§ **What you are asked to do**
In the records below, find the line with "Satz von fünf fetten Lavakunstvasen" and the line with "Dieses originelle Vintage-Vasen-Set"; return exactly those lines and every line between them.

§ **Records provided**
▬▬▬▬▬▬▬▬▬▬
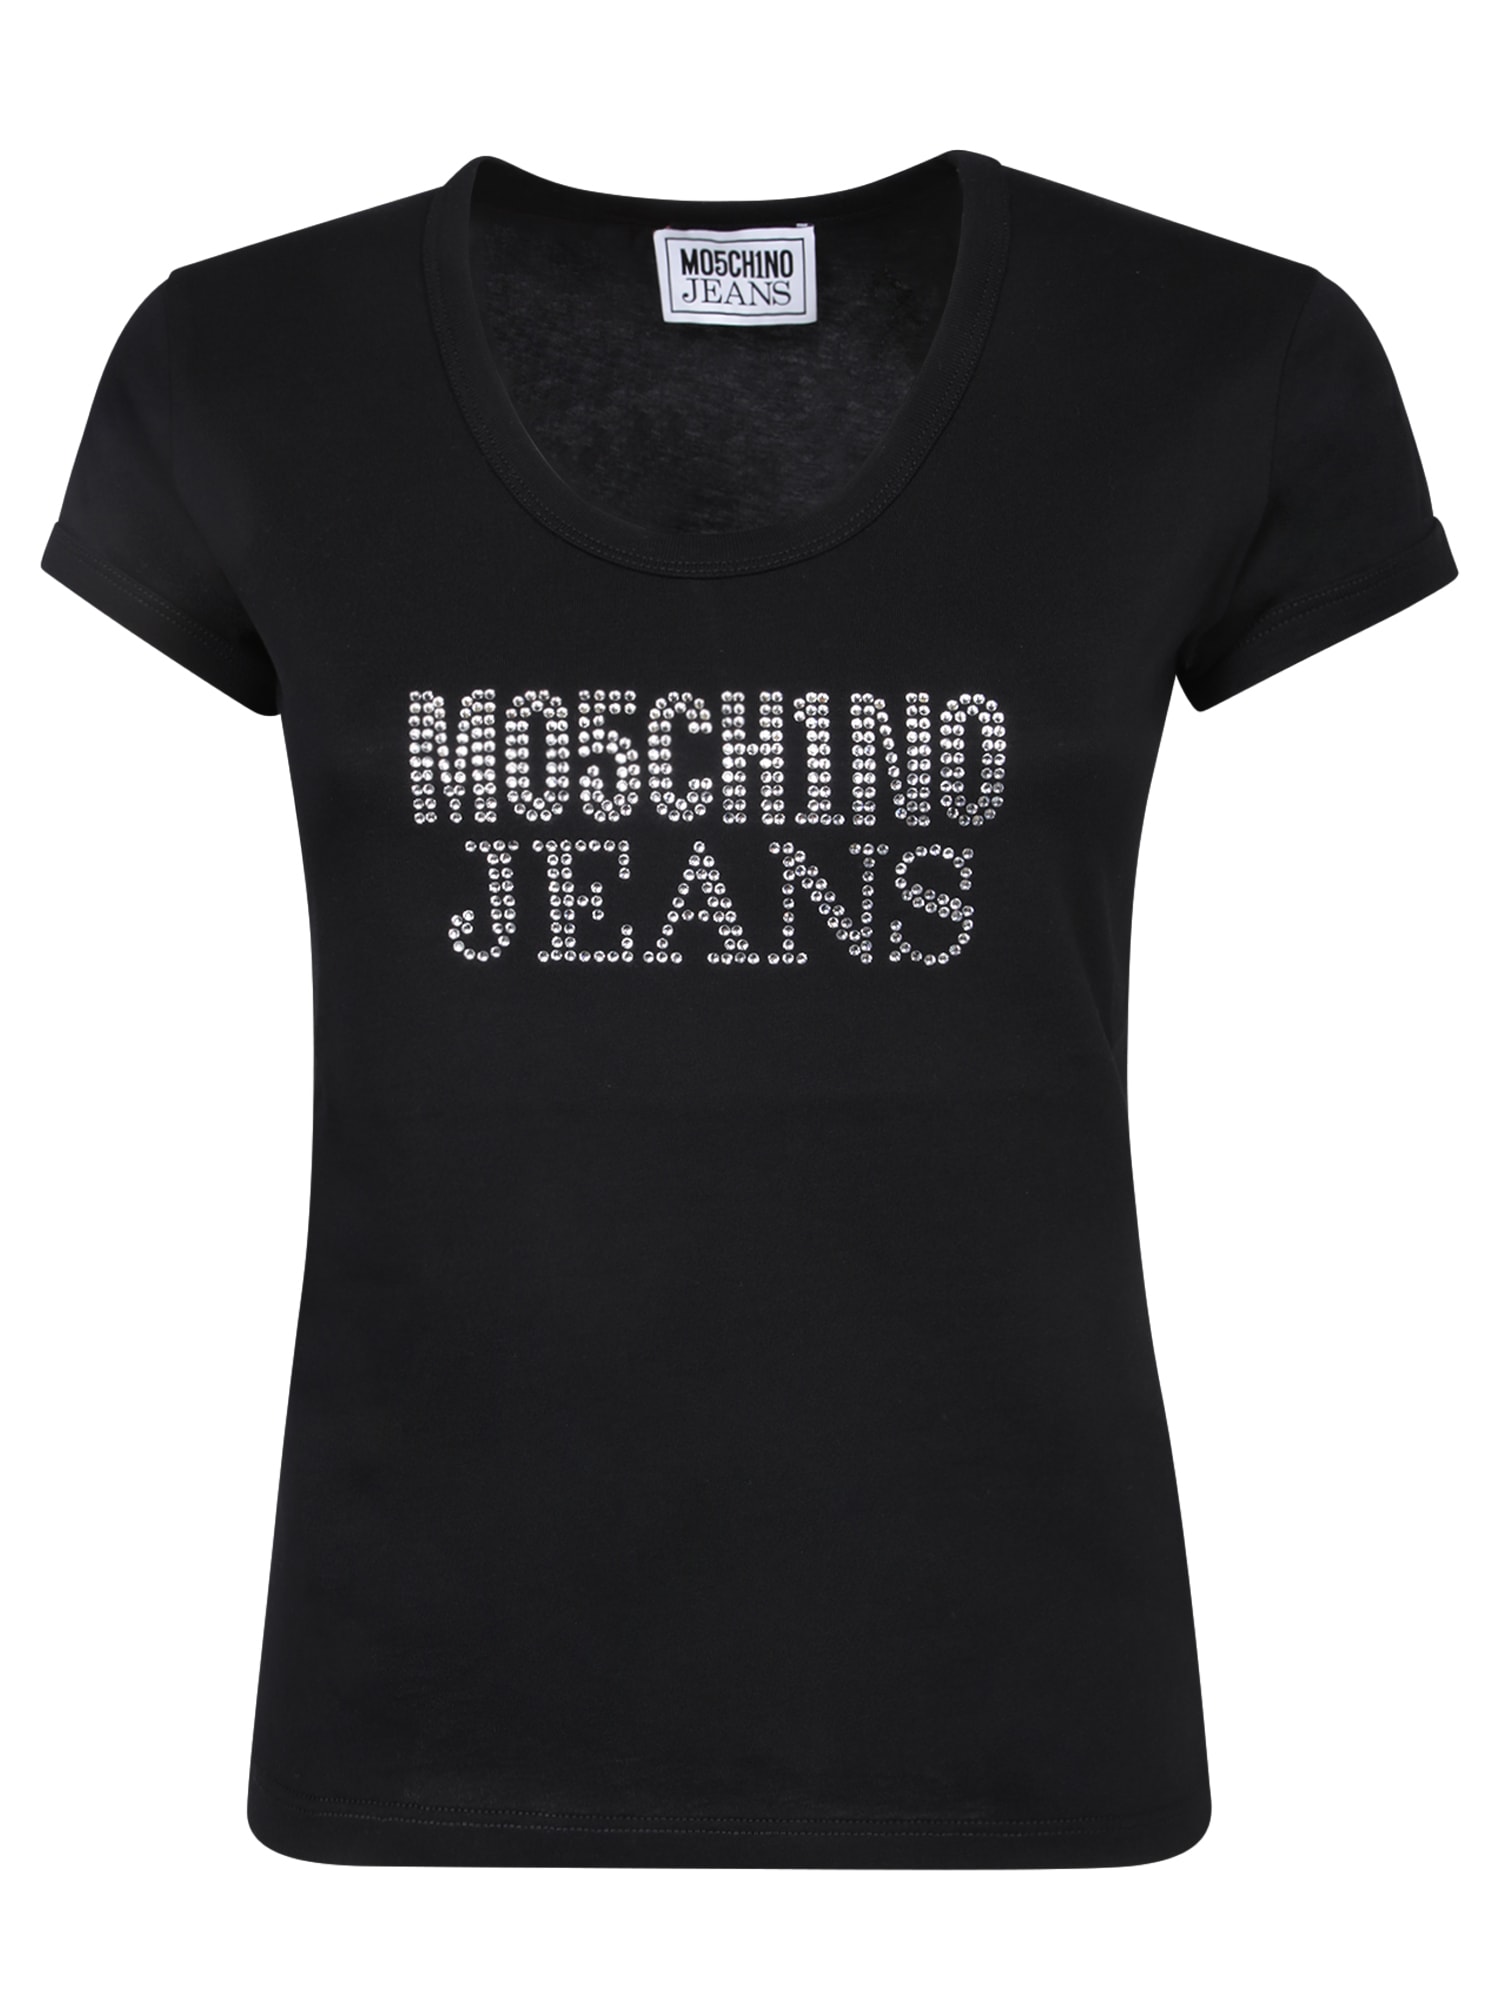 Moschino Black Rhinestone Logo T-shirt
▬▬▬▬▬▬▬▬▬▬
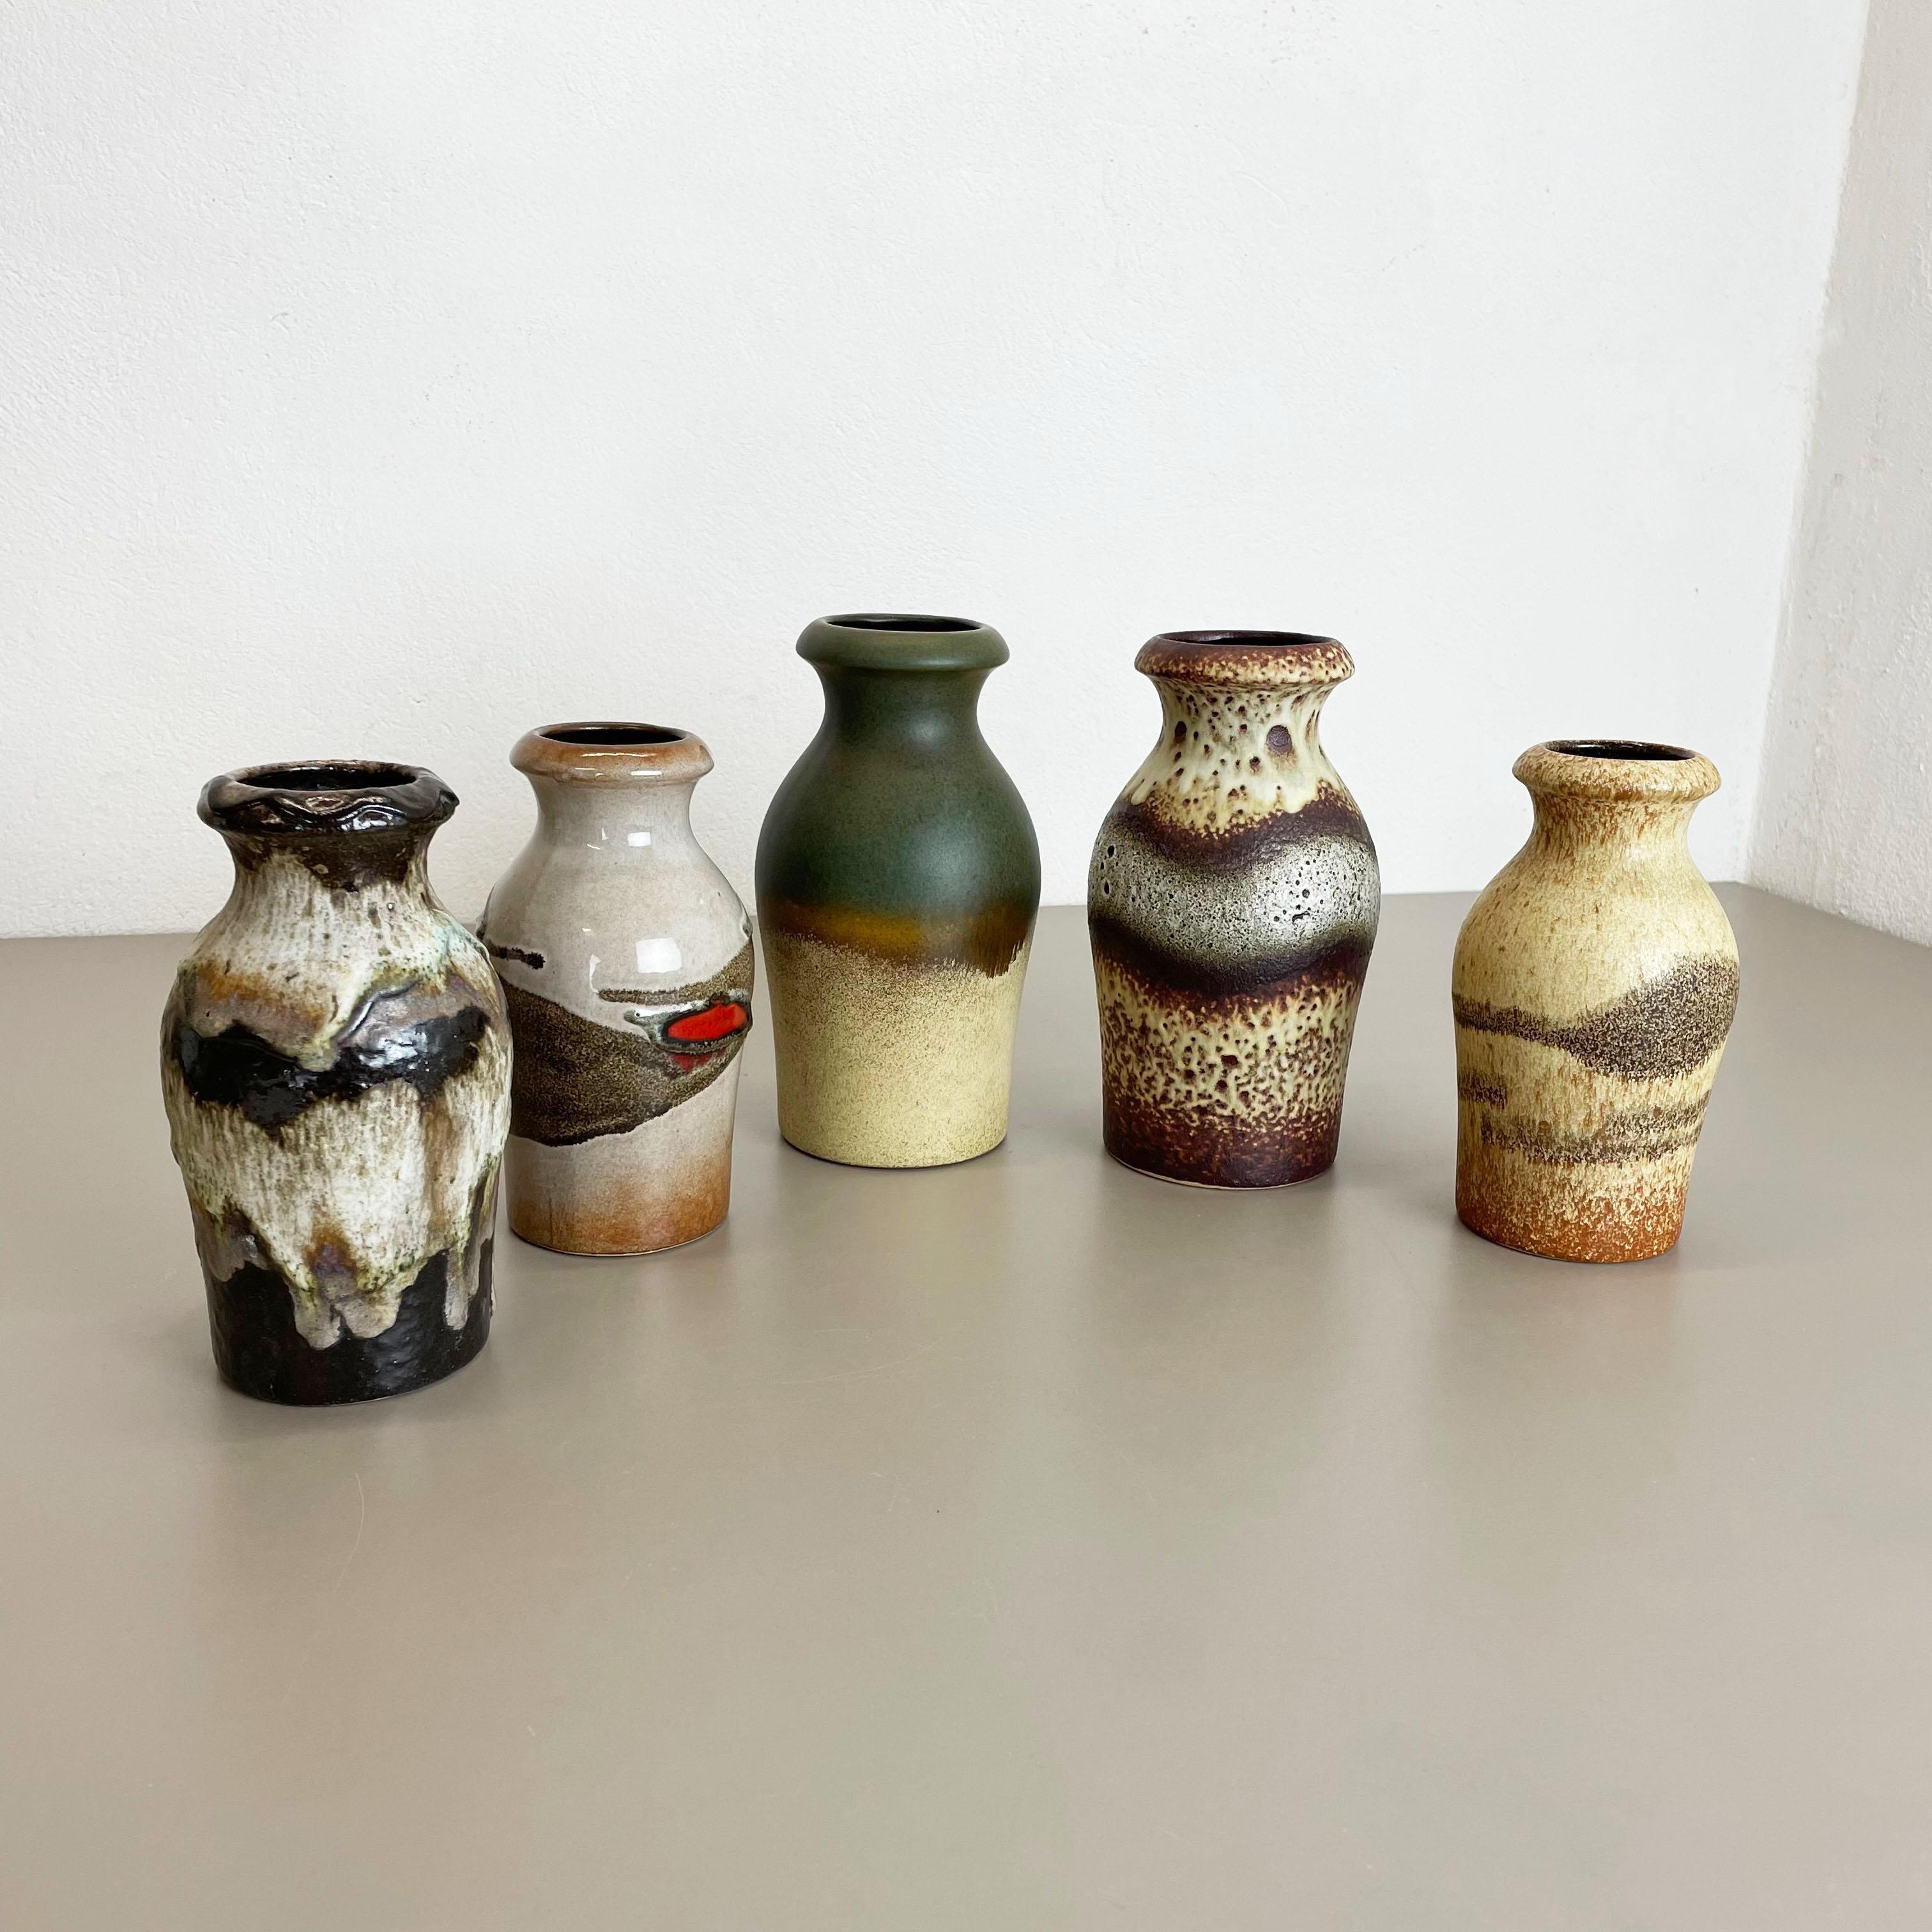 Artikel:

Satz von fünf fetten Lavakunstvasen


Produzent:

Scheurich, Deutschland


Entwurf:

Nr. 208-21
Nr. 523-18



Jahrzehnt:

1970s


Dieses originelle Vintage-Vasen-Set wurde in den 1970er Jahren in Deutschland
▬▬▬▬▬▬▬▬▬▬
§ **Response area**
Satz von fünf fetten Lavakunstvasen


Produzent:

Scheurich, Deutschland


Entwurf:

Nr. 208-21
Nr. 523-18



Jahrzehnt:

1970s


Dieses originelle Vintage-Vasen-Set wurde in den 1970er Jahren in Deutschland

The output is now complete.